Dominic Storey (born 15 October 1989) is a racing driver from New Zealand. He currently drives the No. 63 Holden VF Commodore for Eggleston Motorsport in the Dunlop Super2 Series.

Career

Formula BMW
After a karting career in his native New Zealand, Storey made his single–seater debut in 2006 in Formula BMW Asia, finishing the season fourth overall whilst teammate to current Formula 1 star Daniel Ricciardo. He also contested two races in the British series, having competed for Räikkönen Robertson Racing in Oulton Park where he placed 5th on debut.

Toyota Racing Series
After three races in 2007, Storey took part on a full-time basis in Toyota Racing Series in 2007–08 with Victory Motor Racing.
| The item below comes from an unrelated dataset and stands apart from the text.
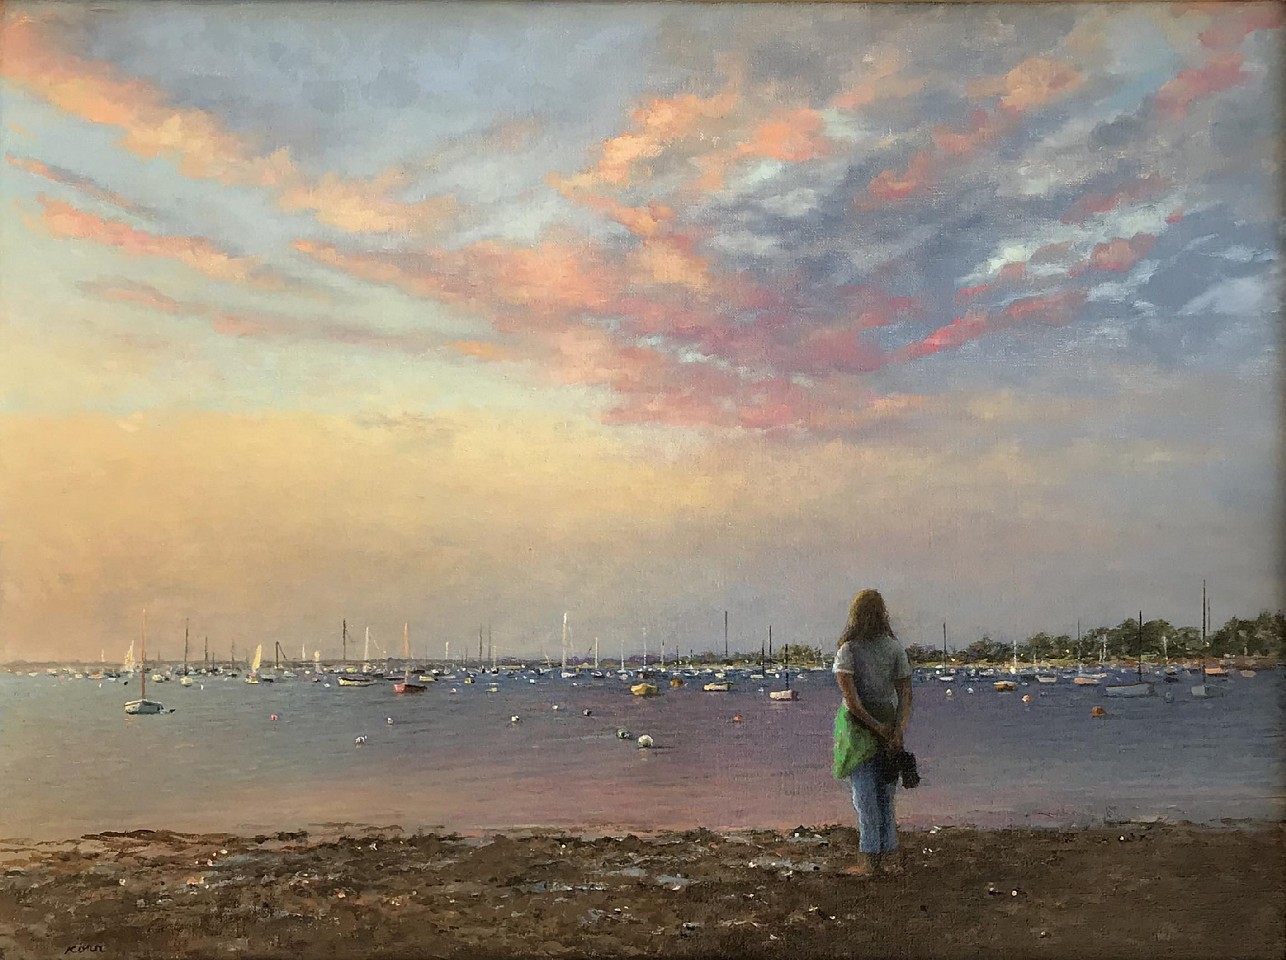 Marla Korr, Sunset at Washington St., 2018
oil on canvas, 18 x 24 in. (45.7 x 61 cm)
MK180407

He took podium–finishes to be classified in fifth place with 792 points and a lap record at the Taupo Motorsport Park.

Formula Renault and Formula Three
In 2008 Storey made his debut in Formula Renault category with participation in the Formula Renault 2.0 West European Cup series at Estoril. He remained in series for 2009 and joined Eurocup Formula Renault 2.0, but spent only two rounds in both series. He also appeared as a guest driver at Donington Park in British Formula 3.
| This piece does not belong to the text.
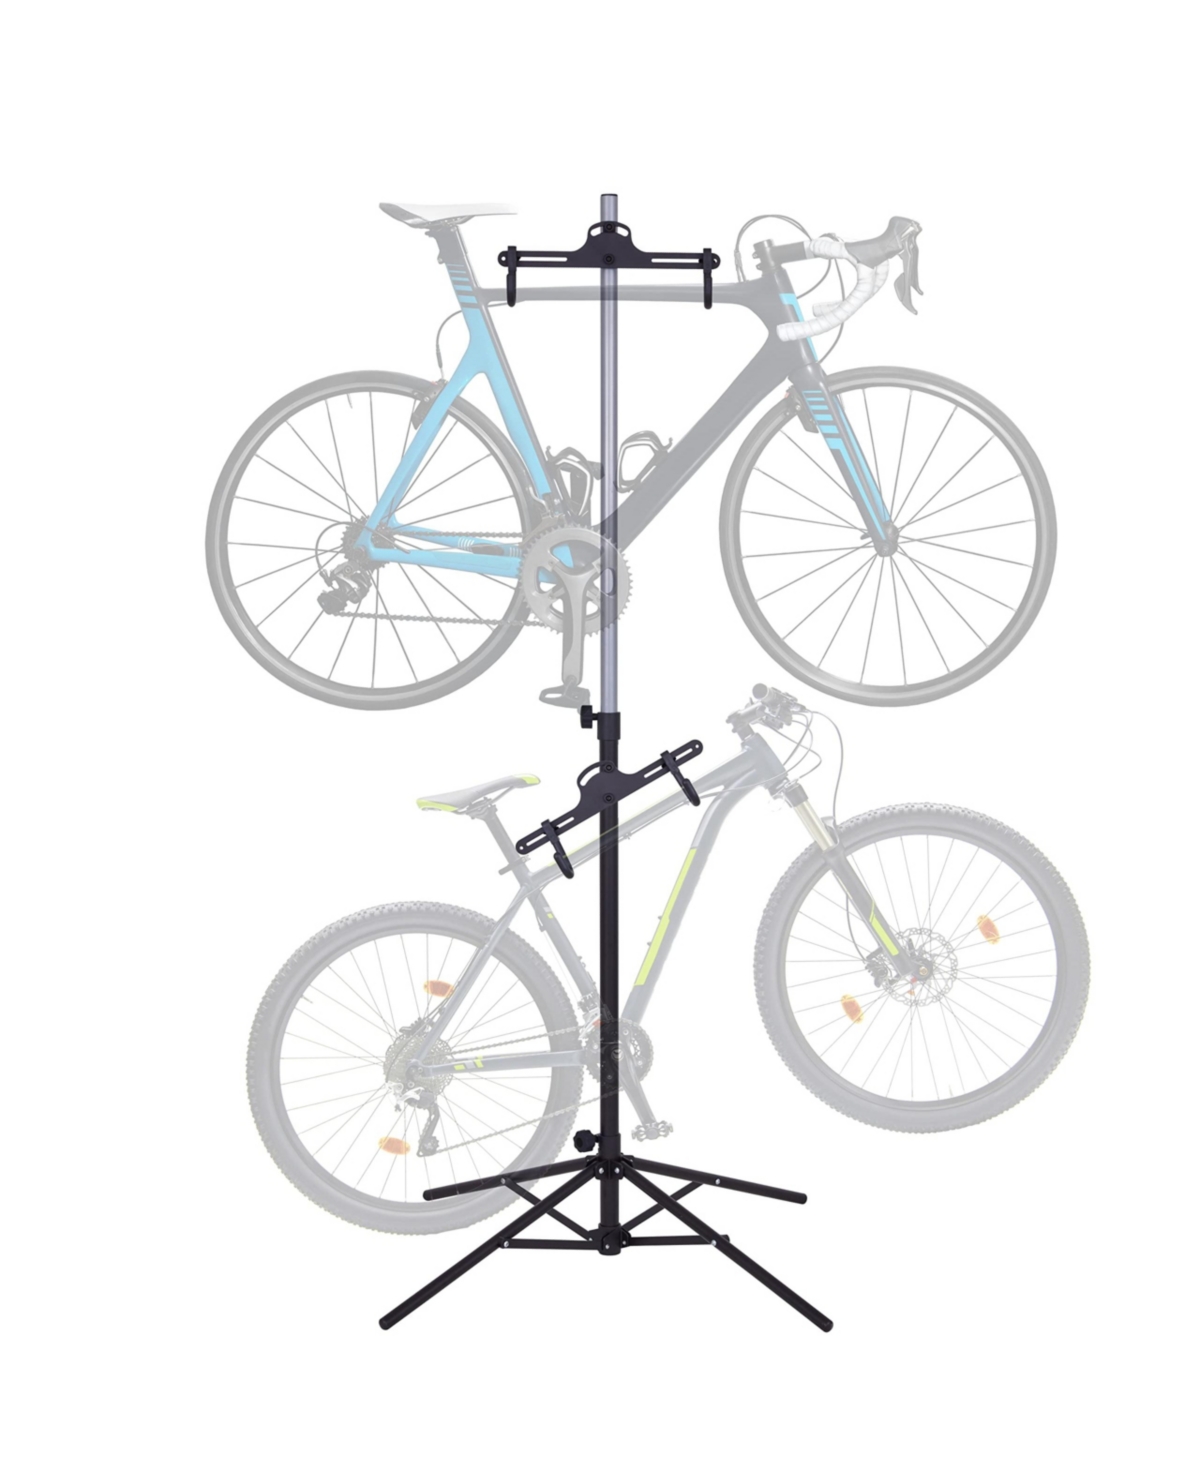 Adjustable Bike Rack, Freestanding & Foldable 2 Bike Hanger - Black

Australian GT Championship
Storey raced in the 2016 CAMS Australian GT Endurance Championship in the new AMG GT3 partnering Peter Hackett. The duo finished runner-up in the Championship with 3 lap records and a podium finish in the Phillip Island 101.

Racing record

Career summary

† – As Storey was a guest driver, he was ineligible for championship points.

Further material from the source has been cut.